Oboe libraries can really sound nice with less effort compared to strings libraries. And how many semi-tones transposed? I prefer this to the original key except for some ultra-high piano notes. 

I didn't notice some wrong notes in the piano midi and uploaded a new version in the violin comparison thread.


----------



## Soundbed (Dec 1, 2021)

And because some others have tried Staccato here is CSW Staccatissimo Oboe. I had to delete the mod wheel for this. (The velocities are the exact same for every note in the original MIDI.) Post #111 has the other CSW Marcato and Marcato w/Rep for this piece.

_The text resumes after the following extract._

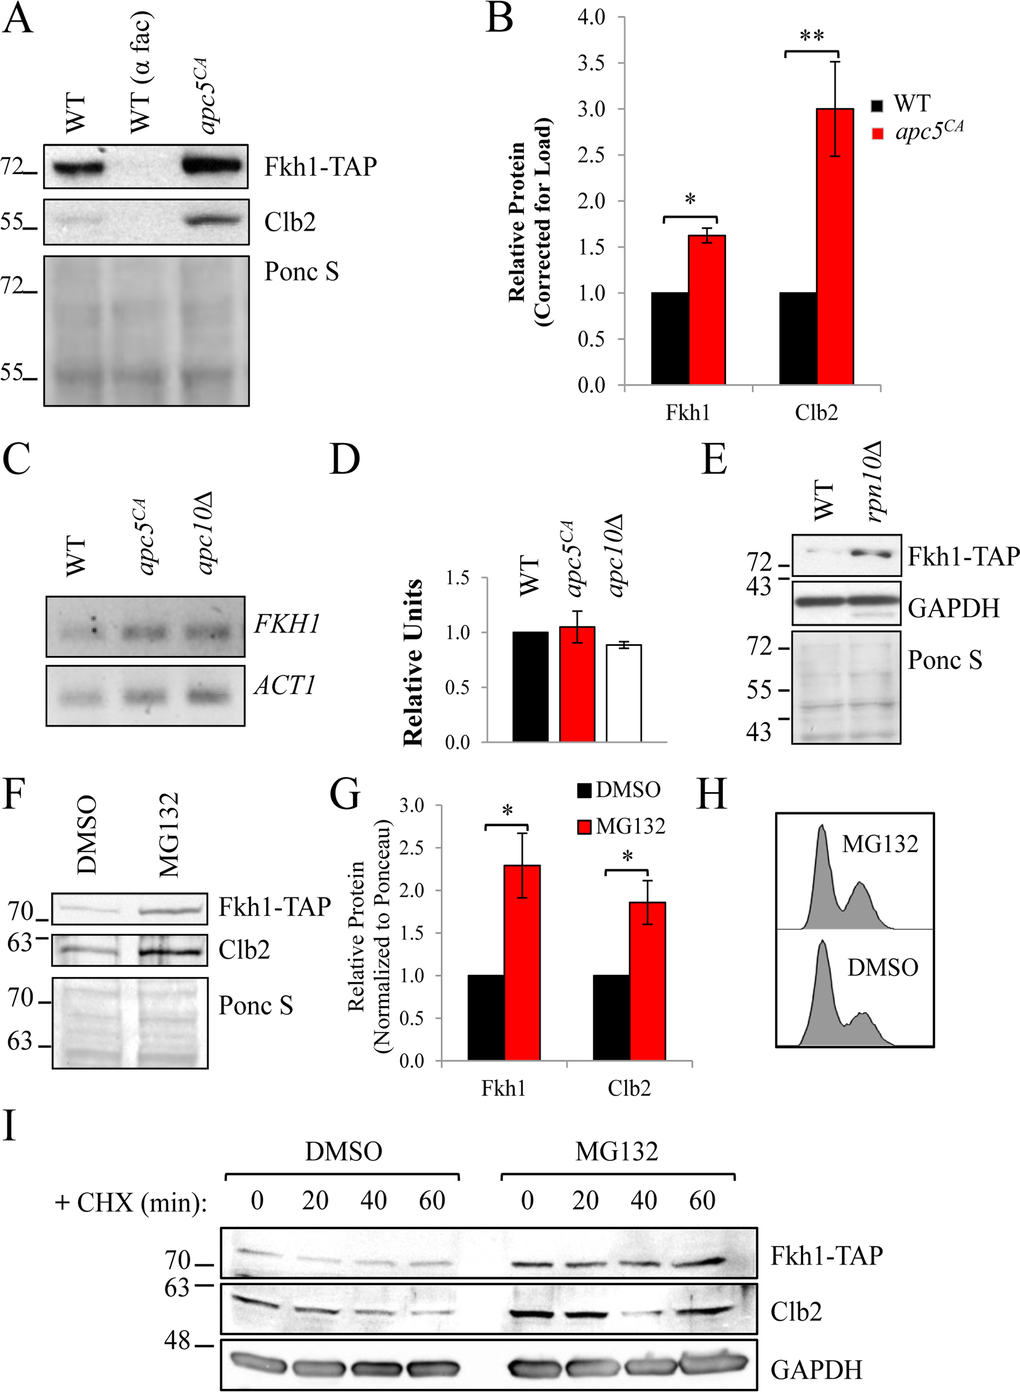 Fkh1 stability depends on the APC and the proteasome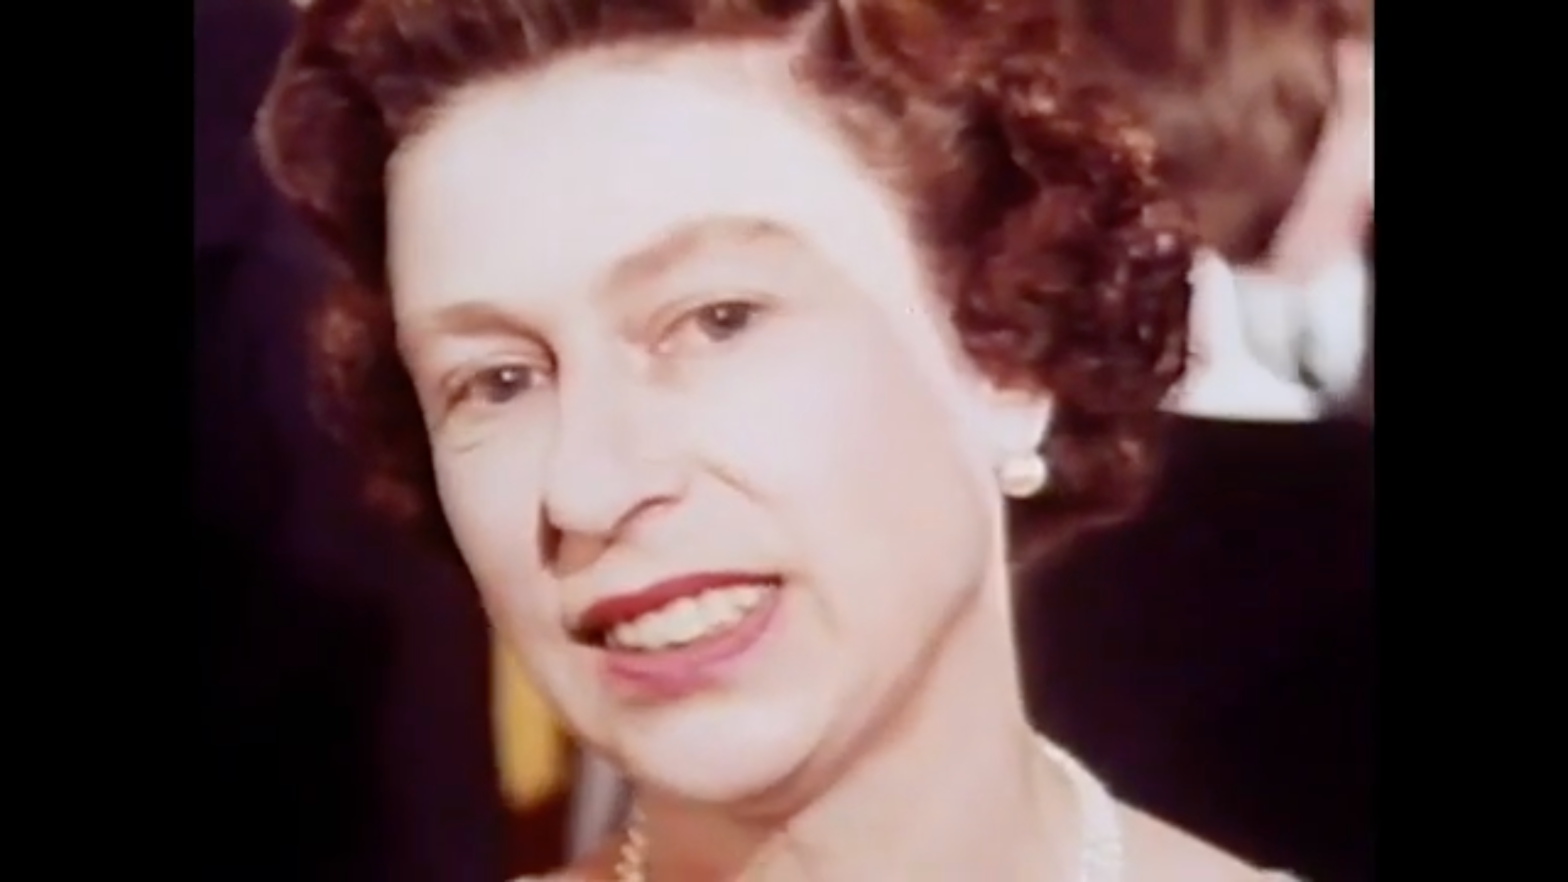 Screenshot from the long-banned 1969 BBC documentary 'Royal Family' which has resurfaced on YouTube (Screenshot: BBC/YouTube)

View attachment CSW Oboe Stacc.mp3







I'd wager Angry Woodwinds Pro would handle this part quite well, but I'm not connected to the drive that has it installed right now.


----------



## Rudianos (Dec 1, 2021)

fan455 said:


> Oboe libraries can really sound nice with less effort compared to strings libraries. And how many semi-tones transposed? I prefer this to the original key except for some ultra-high piano notes.
> 
> I didn't notice some wrong notes in the piano midi and uploaded a new version in the violin comparison thread.


I move it up 7 so first LH note was a Gb now a Db. Perfect 5th up... and forgot I did that so the new Violin ones also in that key, whoops!


----------



## Lilwing (Jan 17, 2022)

Hi! I hope it's okay to bump this amazing thread.
It's really a treasure to find your ideal oboe, thank you!

I don't know which one I prefer, but I don't understand something.
@Rob I really love your mockup with the SWAM oboe, and also the Miroslav one.
But I don't understand, before I listened to a demo of the SWAM one and I decided that I wasn't really into its sound. And in your mockup it absolutely doesn't sound the same, it sounds gorgeous to me.
Does someone have an idea about why it's so different please?
I'm a newbie so my question might totally be stupid.
One of the demos I heard was this one:
It sounds beautiful but I mean it's not the sound I need/want.
But it sounds beautiful, I'm not wanting to say that it's bad at all.

Thank you!


----------



## Rudianos (Jan 17, 2022)

Lilwing said:


> Hi! I hope it's okay to bump this amazing thread.
> It's really a treasure to find your ideal oboe, thank you!


I can say that video demo - while very musical ... is def not what any pro oboe player I have met would want to sound like. Kind of ehhh nasaly. And I do agree @Rob demo was very nice. Some of his settings... https://vi-control.net/community/threads/ultimate-solo-oboe-comparison-thread.116913/post-4964643


----------



## Rudianos (Jan 17, 2022)

Albinoni Oboe Concerto in D minor op. 9 no. 2 - Mvmt 2 Adagio - mm 8-12

A new one I like.

Vienna Synchonized Baroque Oboe Dry with Teldex + M Vibrato

View attachment Oboe Concerto in D Minor - Adagio - Tomaso Albinoni Vienna Synchonized Baroque.mp3


----------



## Lilwing (Jan 17, 2022)

Thank you @Rudianos 
So it reassures me, this sound is unusual for a oboe?
After having listened to it again and again, now I love it a lot, it's so expressive, so moving and beautiful. But I still think that it sounds more like a kind of saxophone.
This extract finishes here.